LaGrotte C, Fernandez-Mendoza J, Calhoun S L, Liao D, Bixler E O, Vgontzas A N
Sleep Research and Treatment Center, Department of Psychiatry, Pennsylvania State University College of Medicine, Hershey, PA, USA.
Department of Public Health Sciences, Pennsylvania State University College of Medicine, Hershey, PA, USA.
Int J Obes (Lond). 2016 Sep;40(9):1397-404. doi: 10.1038/ijo.2016.87. Epub 2016 May 4.
It is postulated that obstructive sleep apnea (OSA) is a risk factor for the development of depression. However, obesity and excessive daytime sleepiness (EDS) are associated with both OSA and depression. The goal of this study was to examine the relative contribution of OSA, obesity and EDS to incident depression.
A representative random sample of 1137 adults without depression from the Penn State Adult Cohort was followed up after 7.5 years. All subjects underwent a full medical examination and polysomnography at baseline. OSA was defined as an apnea/hypopnea index (AHI) ⩾5, overweight as a body mass index (BMI) of 25-29.9 kg m(-)(2), obesity as a BMI⩾30 kg m(-)(2) and EDS as moderate-to-severe drowsiness/sleepiness and/or irresistible sleep attacks.
Overweight, obesity and EDS were associated with incident depression, whereas OSA alone was not. Overweight was associated with incident depression in women, while obesity and EDS were associated with incident depression in both genders. The association of overweight and obesity with incident depression was independent of premorbid emotional distress, while that of EDS was not. The association between BMI and EDS with incident depression was stronger in women 20-40 years old. The severity of EDS predicted incident depression in those with OSA, while AHI or oxygen desaturation did not.

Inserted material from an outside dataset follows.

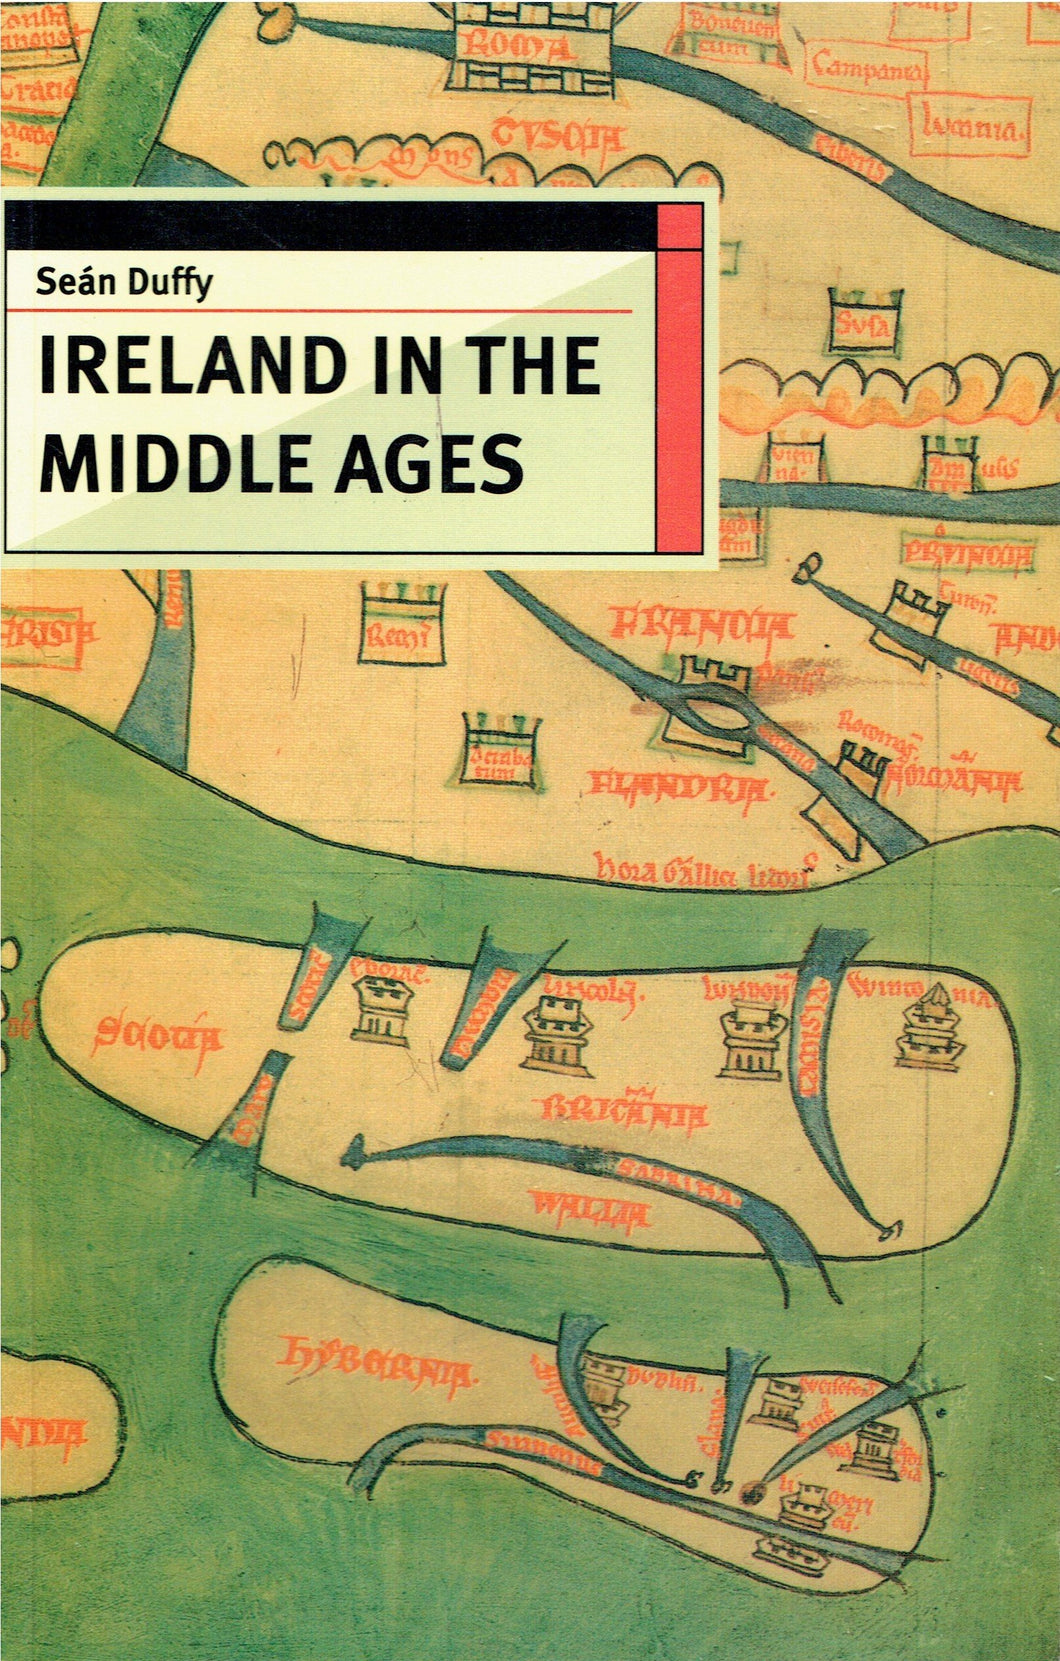 Ireland in the Middle Ages

Overweight, obesity and EDS are the main predictors of incident depression. Obesity may be linked to depression through psychobiological mechanisms, while EDS may be an early sign of depression. Obesity should be a target of our preventative strategies for depression.
据推测,阻塞性睡眠呼吸暂停(OSA)是抑郁症发生的一个风险因素。然而,肥胖和日间过度嗜睡(EDS)与OSA和抑郁症均相关。本研究的目的是探讨OSA、肥胖和EDS对新发抑郁症的相对影响。
对宾夕法尼亚州立大学成人队列中1137名无抑郁症的成年人进行代表性随机抽样,并在7.5年后进行随访。所有受试者在基线时均接受了全面的医学检查和多导睡眠监测。OSA定义为呼吸暂停/低通气指数(AHI)⩾5,超重定义为体重指数(BMI)为25-29.9kg·m⁻²,肥胖定义为BMI⩾30kg·m⁻²,EDS定义为中度至重度嗜睡/困倦和/或无法抗拒的睡眠发作。
超重、肥胖和EDS与新发抑郁症相关,而仅OSA与新发抑郁症无关。超重与女性新发抑郁症相关,而肥胖和EDS与两性新发抑郁症均相关。超重和肥胖与新发抑郁症的关联独立于病前情绪困扰,而EDS与新发抑郁症的关联则并非如此。BMI和EDS与新发抑郁症的关联在20-40岁女性中更强。EDS的严重程度可预测OSA患者的新发抑郁症,而AHI或氧饱和度下降则不能。
超重、肥胖和EDS是新发抑郁症的主要预测因素。肥胖可能通过心理生物学机制与抑郁症相关联,而EDS可能是抑郁症的早期迹象。肥胖应成为我们抑郁症预防策略的目标。